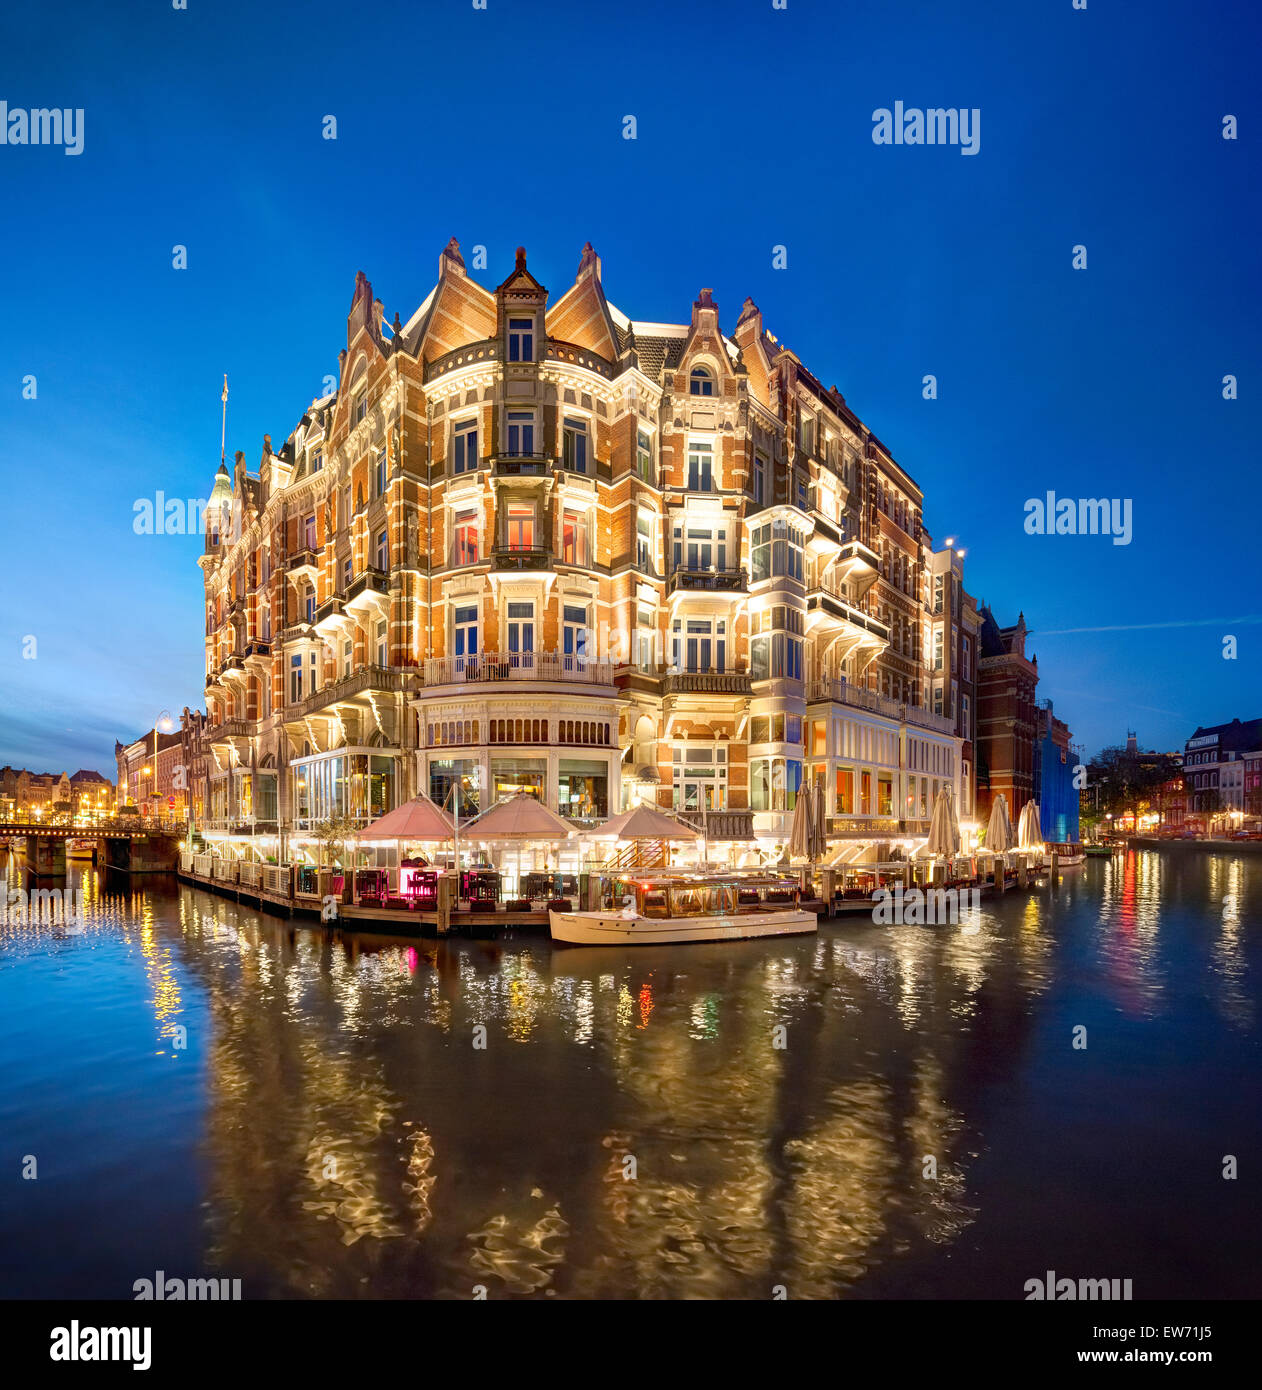 Amsterdam Hotel de l'Europe sur l'angle de la rivière Amstel et Rokin canal. Hôtel 5 étoiles historique dans un bâtiment romantique. Banque D'Images
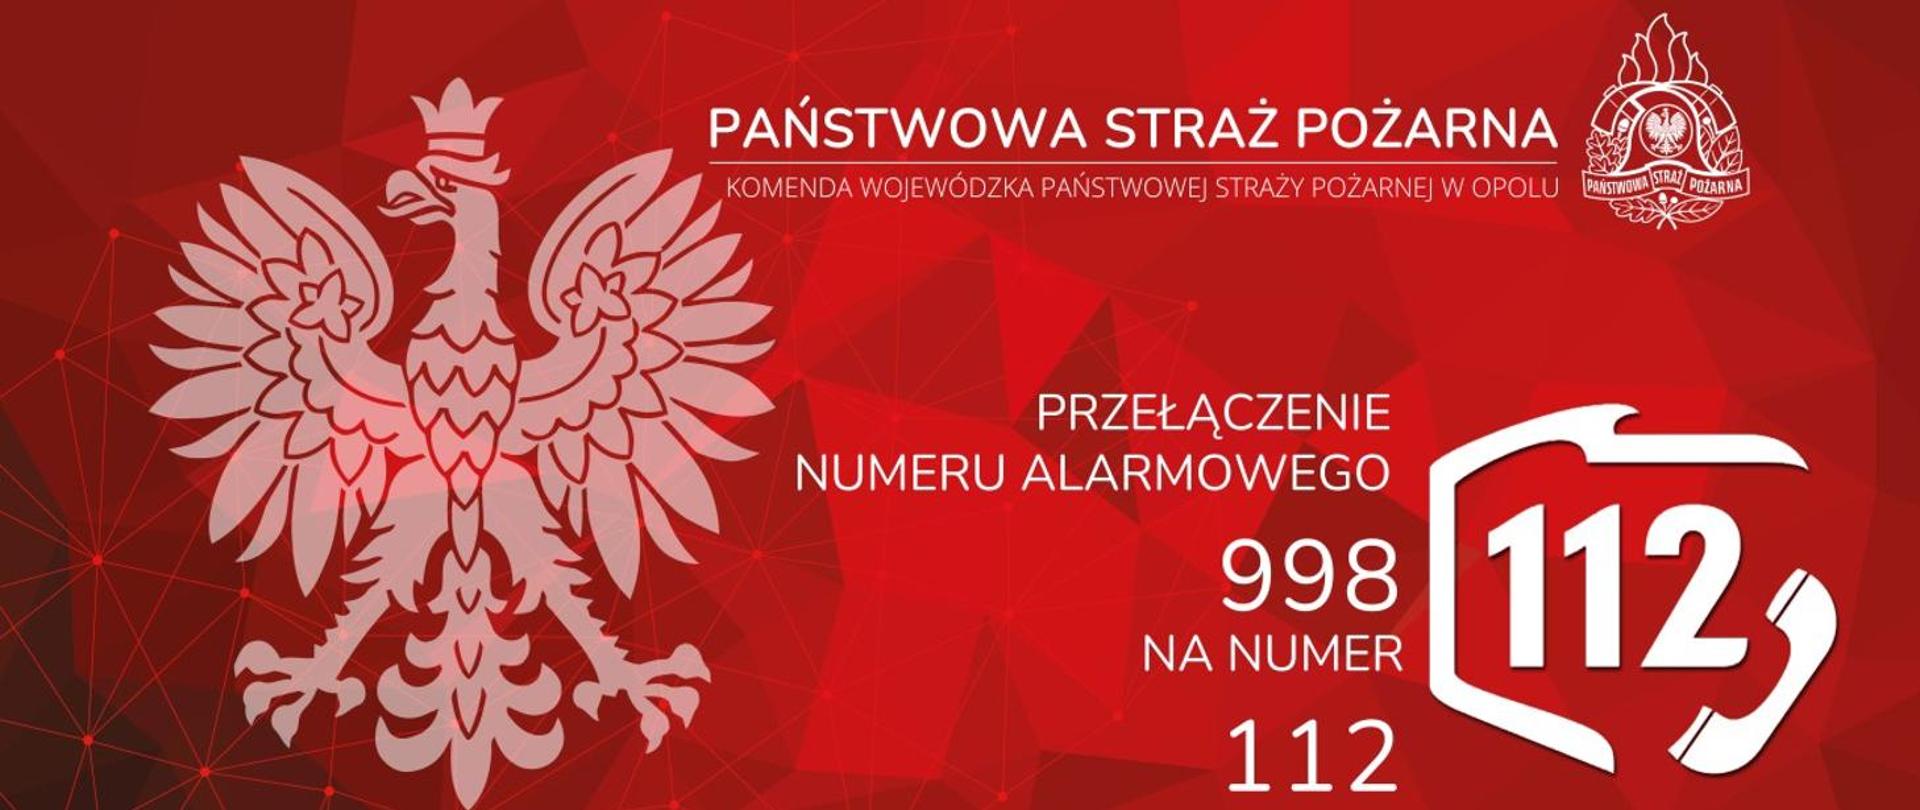 Na czerwonym tle po lewej godło RP, na górze napis: Państwowa Straż Pożarna, pod nim napis Komenda Wojewódzka Państwowej Straży Pożarnej w Opolu. Po prawej Logo PSP.
Pod spodem napis Przełączenie numeru alarmowego 998 na numer 112, a po prawej piktogram numeru 112 - w kształt granic Polski po wschodniej stronie wkomponowana słuchawka telefoniczna , w środku numer 112.

____

YOUR GOAL - Could each line of the data be written out exactly, with no pictures included?

TASK SOLUTION -
 Amsterdam Hotel de l'Europe sur l'angle de la rivière Amstel et Rokin canal. Hôtel 5 étoiles historique dans un bâtiment romantique. Banque D'Images
 Na czerwonym tle po lewej godło RP, na górze napis: Państwowa Straż Pożarna, pod nim napis Komenda Wojewódzka Państwowej Straży Pożarnej w Opolu. Po prawej Logo PSP.
Pod spodem napis Przełączenie numeru alarmowego 998 na numer 112, a po prawej piktogram numeru 112 - w kształt granic Polski po wschodniej stronie wkomponowana słuchawka telefoniczna , w środku numer 112.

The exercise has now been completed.